Historian Christopher Allison, director of the McGreal Center at Dominican University, said the proposed archive makes sense.
“A collaborative archive of this proposed size is rare in the country,” he said. “It would become a major hub for archive-based research and would consolidate precious sources in one space.”
The GSA has sought demolition for the buildings since 2019, following a federal law enforcement assessment that found the reoccupied buildings could pose a threat to the Dirksen.
The assessment caused the city to pull the plug on a $141 million redevelopment deal that would have preserved the buildings.
The Century and Consumers’ walk to the gallows quickened in April when U.S. Sen. Richard Durbin, D-Ill, earmarked $52 million for the GSA to raze the terra cotta-clad towers and two small buildings between them.
But an archive, which would have limited public access and could be designed with no windows or rooftop access overlooking the Dirksen, could preserve and reuse the buildings while addressing the federal government’s security concerns.
Still time for a solution
There are still many questions to answer regarding the proposal, such as the cost of rehabbing the buildings and restoring their weathered, terra cotta-clad exteriors.
And given that archives are not money-makers, what other uses, designed to help pay the freight of it all, can be baked into any deal to acquire the structures from the GSA — without again raising security concerns at the Dirksen?
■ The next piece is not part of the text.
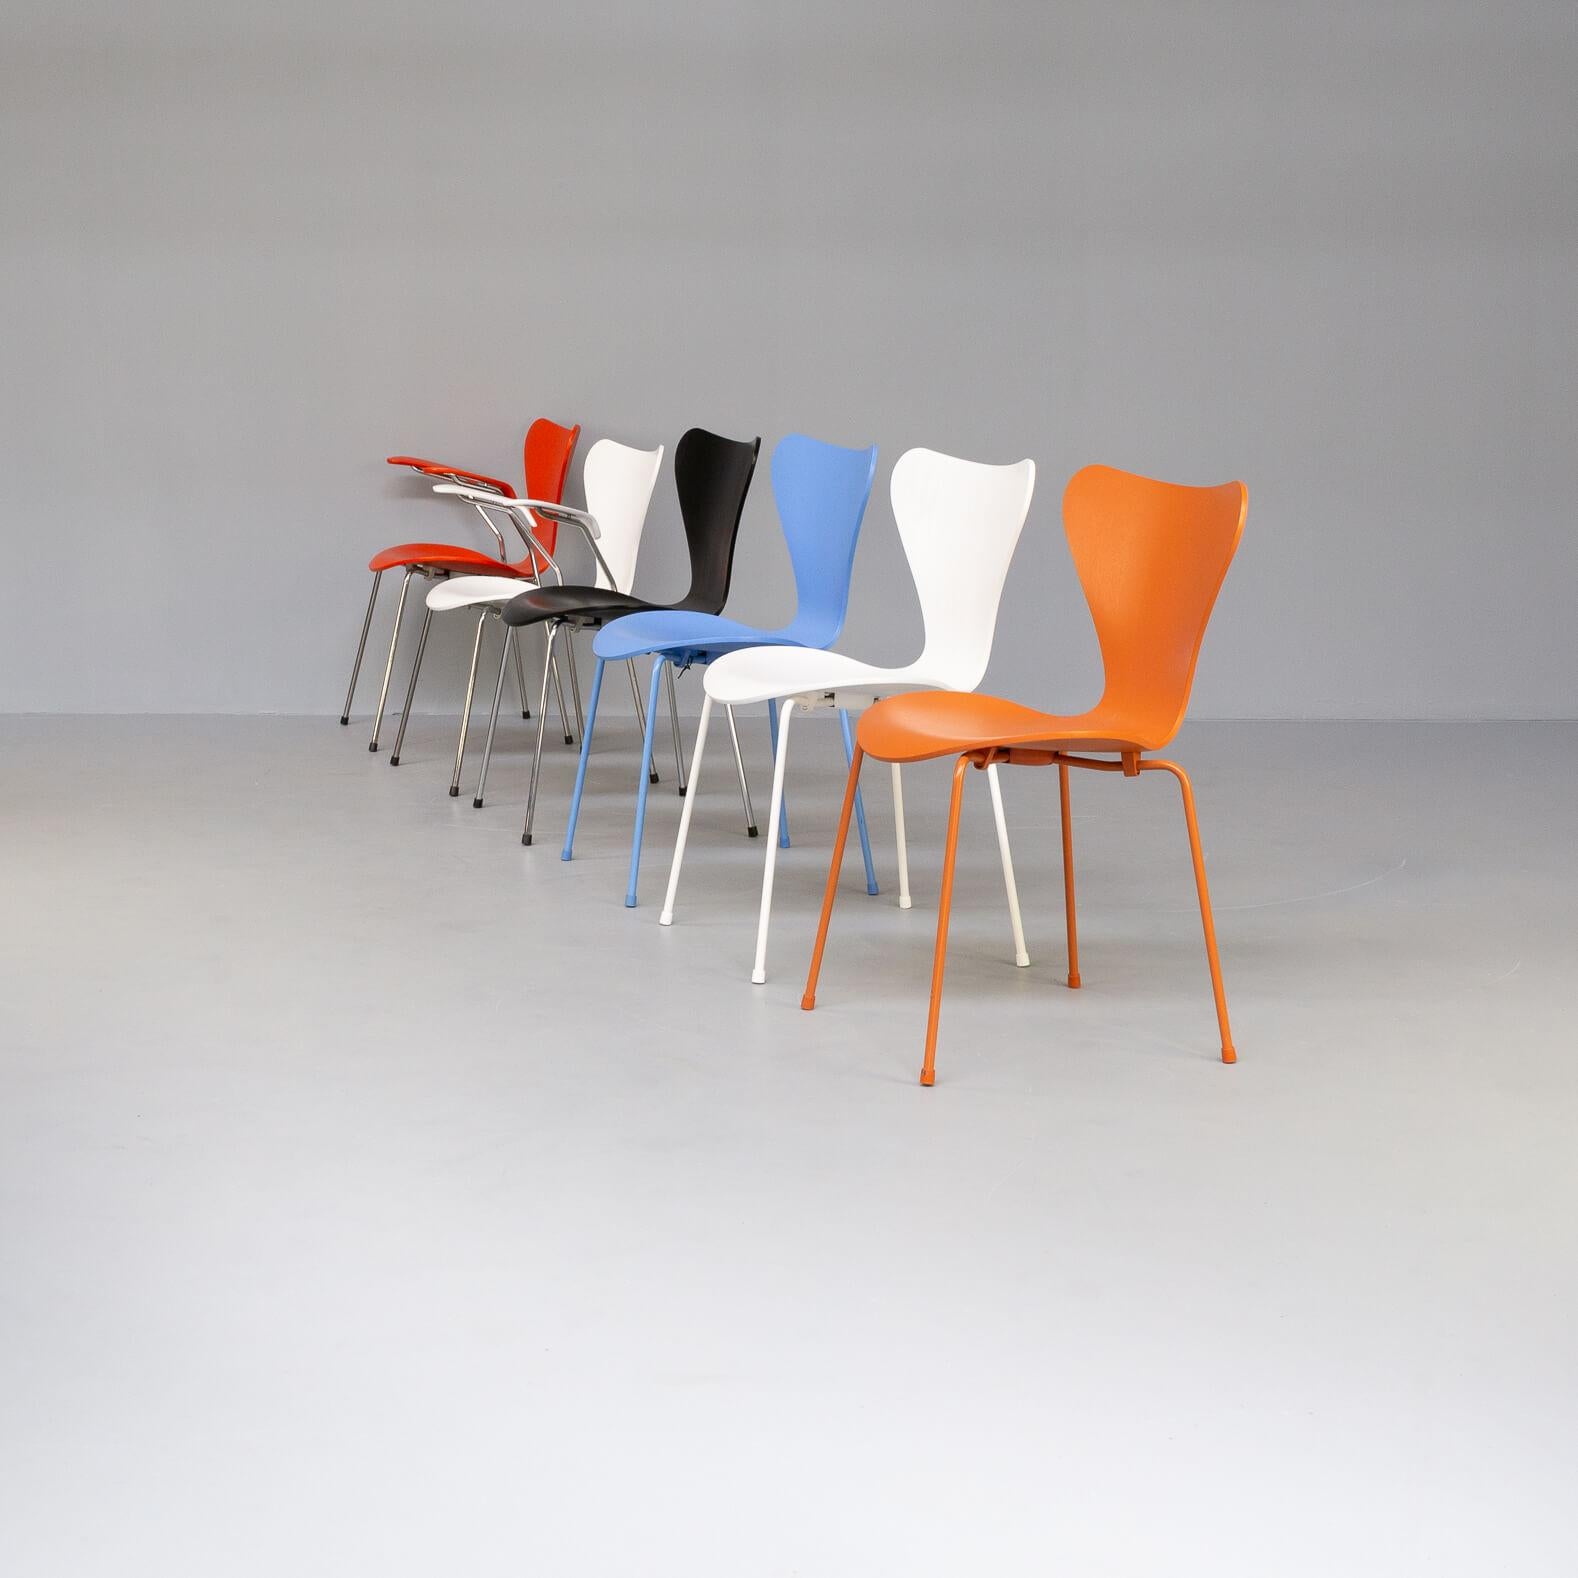 The model 3107 chair is a chair designed by Arne Jacobsen in 1955. It is a variation on the ant chair, also designed by Jacobsen.
The 3107 was, according to Jacobsen, inspired by a chair made by the husband and wife design team of Charles and Ray

Fortunately, there’s time to consider all this and more. Under the National Historic Preservation Act, the GSA must “identify and assess the effects its actions may have on historic buildings ... [and] consider public views and concerns about historic preservation issues when making final project decisions.”
Public meetings are planned for this summer and would go on until next year, according to the GSA. Demolition, if it happens at all, wouldn’t occur until 2024.